That's probably the way to think about it. PCIe devices communicate point-to-poi...

bloopernova · on Nov 24, 2021

Interesting, thank you!

Teknoman117 · on Nov 24, 2021

The other neat thing is that peer-to-peer PCIe transactions do not have to go through the root complex (the Pi in this case).

Say you have a GPU and an NVMe drive or video capture card plugged into a PCIe switch, which is then plugged into the Pi. If your software supports having these devices directly communicate, they can do so as fast as their PCIe links support doing, even though there’s only the tiny link to the Pi.

Peer-to-peer transfers are only limited by the smallest link on the path between two devices on the tree, rather than the smallest link in the tree.

A real world example is some of the big GPU compute servers. Some of the 4U chassis can house 20 or more cards.
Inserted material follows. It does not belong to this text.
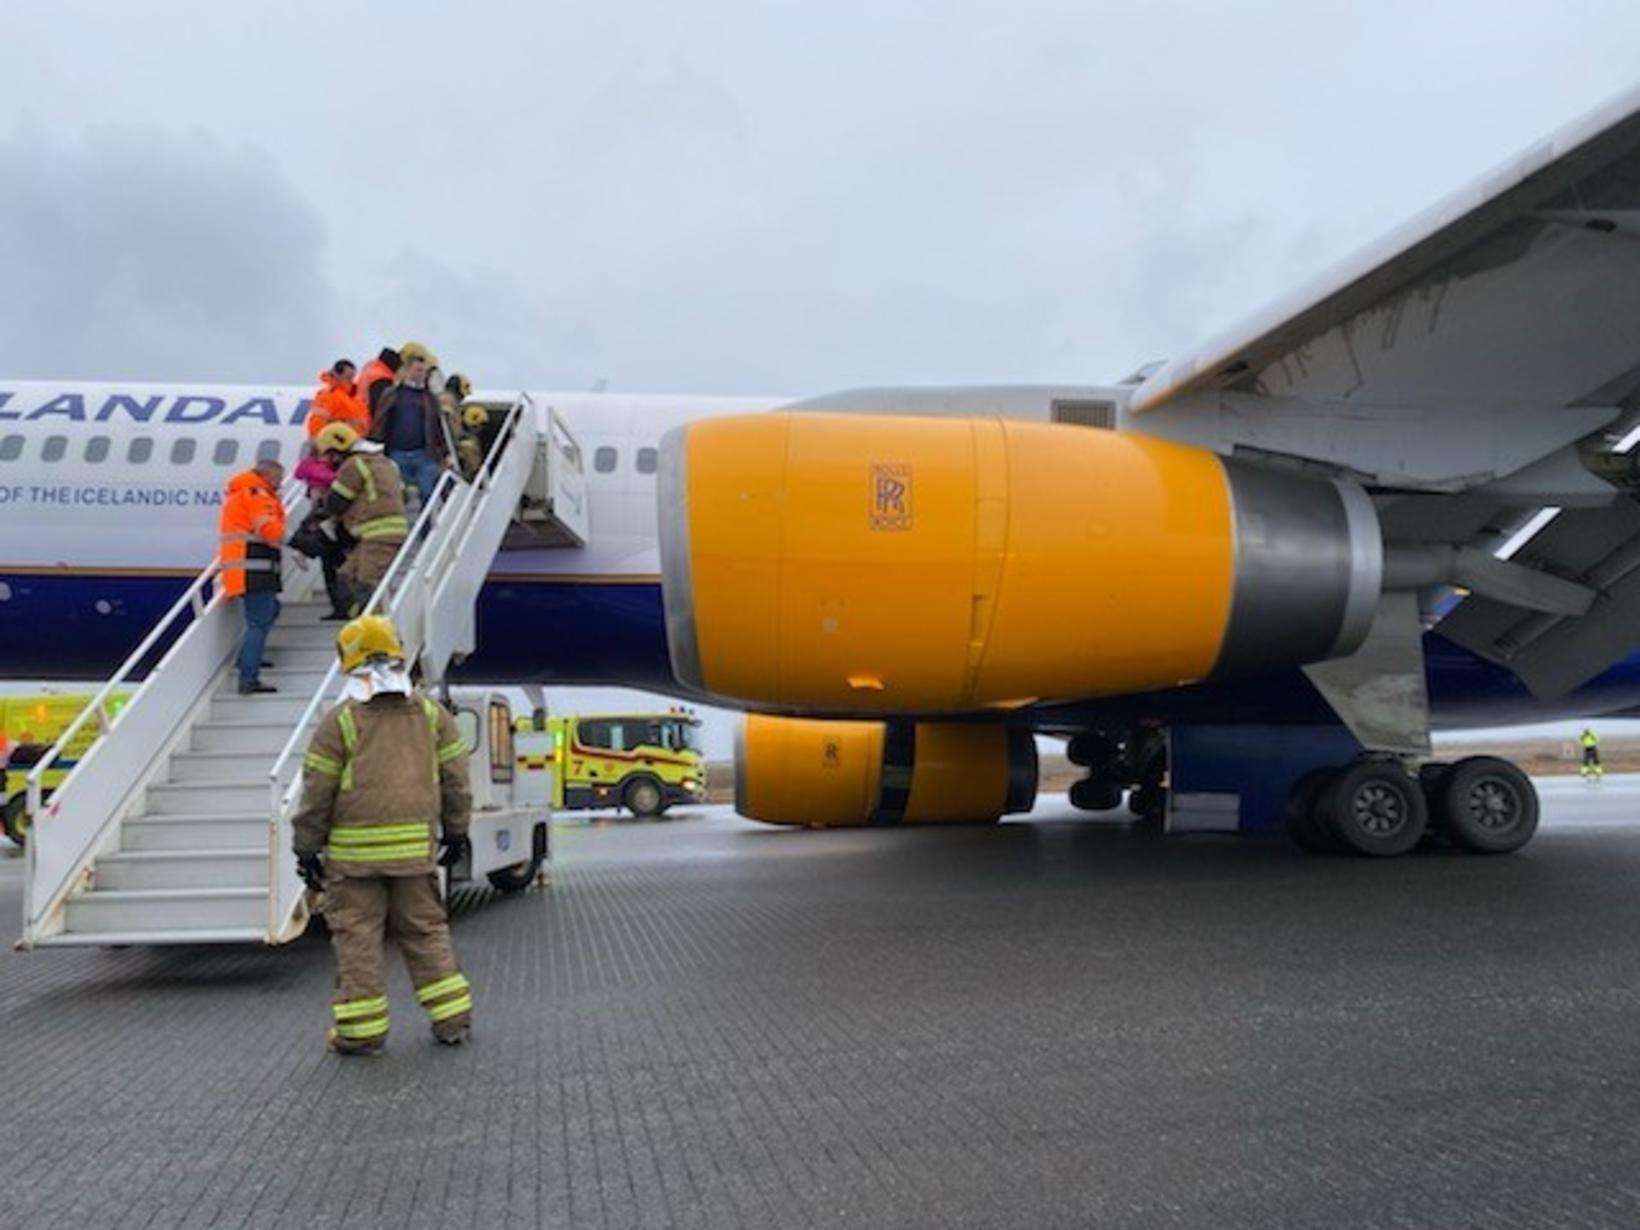 Boeing 757-200 авиакомпании Icelandair, выполнявшего рейс 529, произошло разрушение правой основной стойки шасси после посадки на взлетно-посадочной полосе 10 в Международном аэропорту Кефлавик, Исландия.

Many of them have all of the GPUs (320 or more PCIe lanes) plugged into an array of PCIe switches which may constrain them to 16 or 32 lanes from the CPU. The GPUs can all talk to each other a full speed, but only a few can go full speed to the CPU at a time.

salawat · on Nov 24, 2021

Don't you mean the CPU can only full-duplex with a few GPU's at a time?

And are you sure that GPU's are actually talking with each other?

Forgive me if I'm woefully out of date/having a massive brainfart, but last I heard, GPU's got CPU-less DMA a few years ago allowing access to system memory, but programming/setting up the pipelines/cleanup/repriming/output consolidation was still solely a CPU-centric work stream.

So like, yeah, your GPU does it's thing and dumps the result in a buffer in it's memory space, and might even be smart enough to shlup a buffer back to system RAM to get the result forwarded somewhere else when the CPU gets around to telling the storage controller to do it...

But did I completely sleep through something absolutely amazing? Are GPU's passing messages/shared memory space aware now? Like,

"Oh, my jobs done, shlup this buffer off to pcie device->compute_card_2 for the next stage of processing."

Because if they're that smart now, holy crap, I have reading to do.

Teknoman117 · on Nov 24, 2021

Yes, GPUs are able to directly pass messages and bulk data to each other these days. It's completely supported in CUDA, OpenCL, Vulkan, DirectX 12, etc. DirectX calls it "Explicit Multi GPU".

It's been around since GPUs transitioned to PCIe, it's just that both AMD and NVIDIA just locked it to the "professional" GPUs, or only used it under the hood of some other feature. AMD GPUs have used PCIe peer to peer copies for CrossFireX since the GCN Radeon GPUs (R9 290X and friends), that's why they don't need an external bridge.

There's DirectGMA (AMD) and GPUDirect (NVIDIA) which allows PCIe drivers for other devices to directly copy to and from GPU VRAM.

Other than driver support, nothing prevents PCs from having GPUs communicate directly with storage devices. The GPU would need to expose some of it's VRAM over PCIe (using a BAR window). The OS and the GPU driver would need to create some NVMe submission and completion queues either in system or VRAM that the GPU can be considered to own. You'd then issue NVMe operations where the backing pages point into the VRAM. The resizable bar support of the current Radeon and GeForce GPUs is a major step in this direction, although again, resizable bars were part of the original PCIe specification and has been available on server hardware since ~2008.

salawat · on Nov 25, 2021

Well... Shit.

There goes my free time for the next 6 months. Need to brush up on intra-system component networking and figuring out how to make graphics cards dance.

Must... Become... Massively... Parallel...